In an email, Beienburg maintained that Arizona’s current budget mess wasn’t caused by vouchers; he blamed, among other issues, state revenue recently being lower than anticipated. (The Goldwater Institute in 2021 collaborated with Ducey to write and pass a tax cut that reduced income taxes on the wealthiest Arizonans to 2.5%, the same rate that the poorest people in the state pay, which is the leading cause of the decline in revenue.)
Dave Wells, research director at the Grand Canyon Institute, said that none of the competing budget trends that Ducey and the Goldwater Institute pointed to mean that Arizona can actually afford universal vouchers, at least not without making severe, harmful budget cuts.
“They chose to make ESAs universal and that has made the budget situation much worse,” he said. “We still had a budget shortfall and budget cuts. The cost is still the cost.”
“It Isn’t Funded”Now that vouchers in Arizona are available even to private school kids who have never attended a public school, there are no longer any constraints on the size of the program.
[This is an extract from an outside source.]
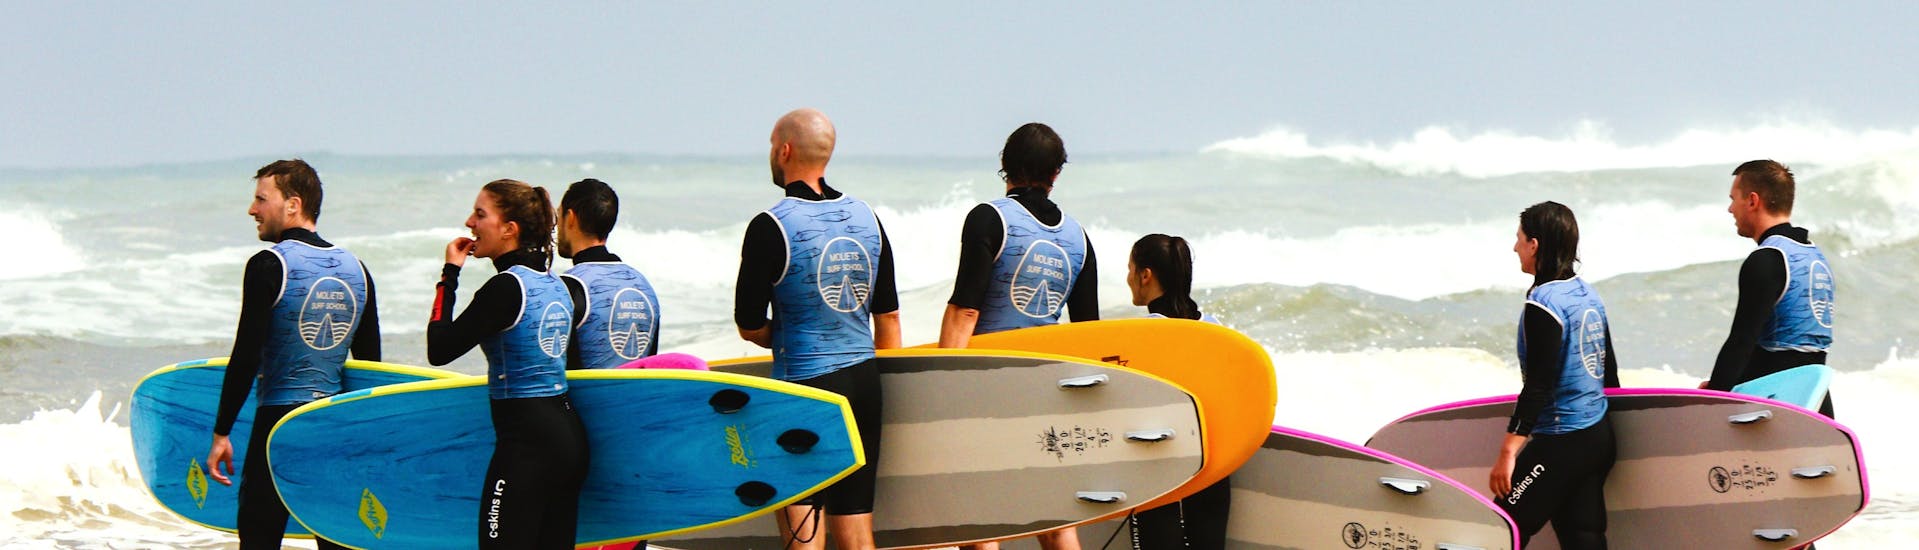 Lezioni di surf a Moliets-et-Maâ da 6 anni per tutti i livelli.

What’s more, as the initiative enters its third year, there are no legislative fixes on the table to contain costs, despite Hobbs’ efforts to implement some reforms. “I have not heard them agree to anything that is a financial reform of the program at all,” said Sen. Mitzi Epstein, the Democratic minority leader of the state Senate, referring to her Republican colleagues.
Arizona doesn’t have a comprehensive tally of how many private schoolers and homeschoolers are out there, so it remains an open question how much higher the cost of vouchers could go and therefore how much cash should be kept on hand to fund them. The director of the state’s nonpartisan Joint Legislative Budget Committee told lawmakers that “we’ve never really faced that circumstance before where you’ve got this requirement” — that anyone can get a voucher — “but it isn’t funded.”
Most importantly, said Beth Lewis, executive director of the public-school-advocacy group Save Our Schools Arizona, only a small amount of the new spending on private schools and homeschooling is going toward poor children, which means that already-extreme educational inequality in Arizona is being exacerbated. The state is 49th in the country in per-pupil public school funding, and as a result, year after year, district schools in lower-income areas are plagued by some of the nation’s worst staffing ratios and largest class sizes.
Spending hundreds of millions of dollars on vouchers to help kids who are already going to private school keep going to private school won’t just sink the budget, Lewis said. It’s funding that’s not going to the public schools, keeping them from becoming what they could and should be.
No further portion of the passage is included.